The following is the DTD code for our example:
<!-- Movie Catalog DTD -->
<!ELEMENT MovieCatalog (movie+) >
<!ELEMENT movie (title+, length?, genre?, actors?, datereleased?, director*, format?) >
<!ELEMENT title (#PCDATA) >
<!ELEMENT length (#PCDATA) >
<!ELEMENT genre (#PCDATA) >
<!ELEMENT actors (actor*) >
<!ELEMENT actor (#PCDATA) >
<!ELEMENT datereleased (#PCDATA) >
<!ELEMENT director (#PCDATA) >
<!ELEMENT format (#PCDATA) >
<!-End of DTD for MovieCatalog.xml-->
In this DTD there are two different types of ELEMENT statements. The first type of ELEMENT statement (as in line 2, 3, and 6 of this code) declares an XML element type name and its permissible sub-elements ("children"). This syntax is used for elements that are empty. That is, they have no content and simply hold other elements. Let me explain what the details of this statement mean, section by section.

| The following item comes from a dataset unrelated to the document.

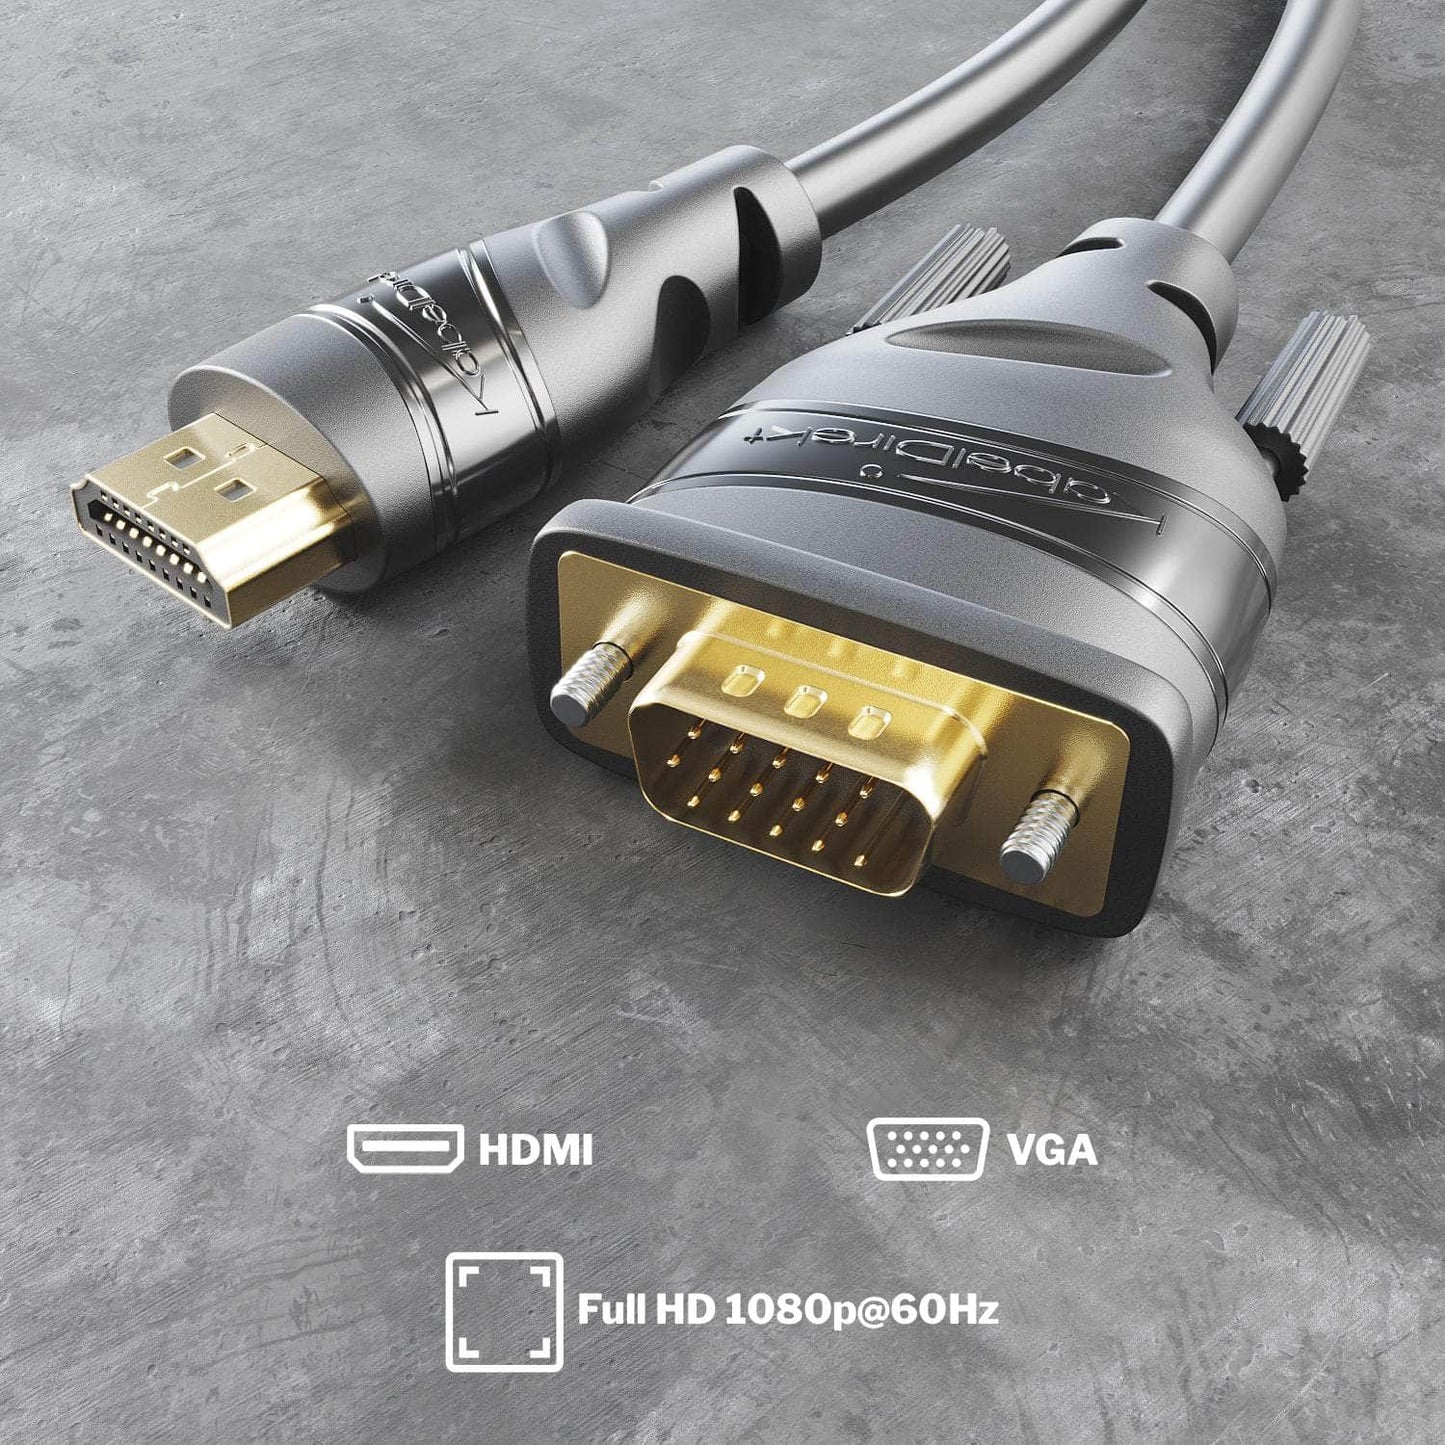 HDMI-VGA Adapter Cable - HDMI to VGA/D-Sub 15 Monitor Cable

<!ELEMENT movie (title+, length?, genre?, actors?, datereleased?, director*, format?) >
The element being defined above is <movie></movie>. It shall contain child elements of: title, length, genre, actors, datereleased, director, and format. These child elements must appear in that order. It also specifies the number of elements that can appear and if they are required or not by the character following the element name. These characters are defined as follows:
| + | Must appear at least one time. May appear more than one time. |
| ? | May appear 0 or 1 time. If it appears, it will be exactly once. |
| * | May appear 0 or many times. It may or may not appear. If it does, it can appear many times. |
The second type of ELEMENT statement you see in this file (all the other lines besides 2, 3, and 6), defines the element and the type of content it can contain. In this case, they all contain content of the type PCDATA, parsed character data. It is the most common type of content.
If you wish to experiment with validating your XML files against a DTD while you are using Internet Explorer, you can download a free XML Validator tool from Microsoft. This tool lets you specify a path to your XML file and then when you click the "validate" button, it will validate the file against the specified DTD and give you output (success or error messages). It is a fun way to really learn what your DTD does and how it relates to the actual XML document.
Congratulations, you now have all the basic information and tools you need to create well-formed and valid XML documents. The last remaining foundational piece is learning how to use some simple XSL to format XML files for your desired output. In the next and final article in this series I will illustrate using XSL to format the movie catalog for the web.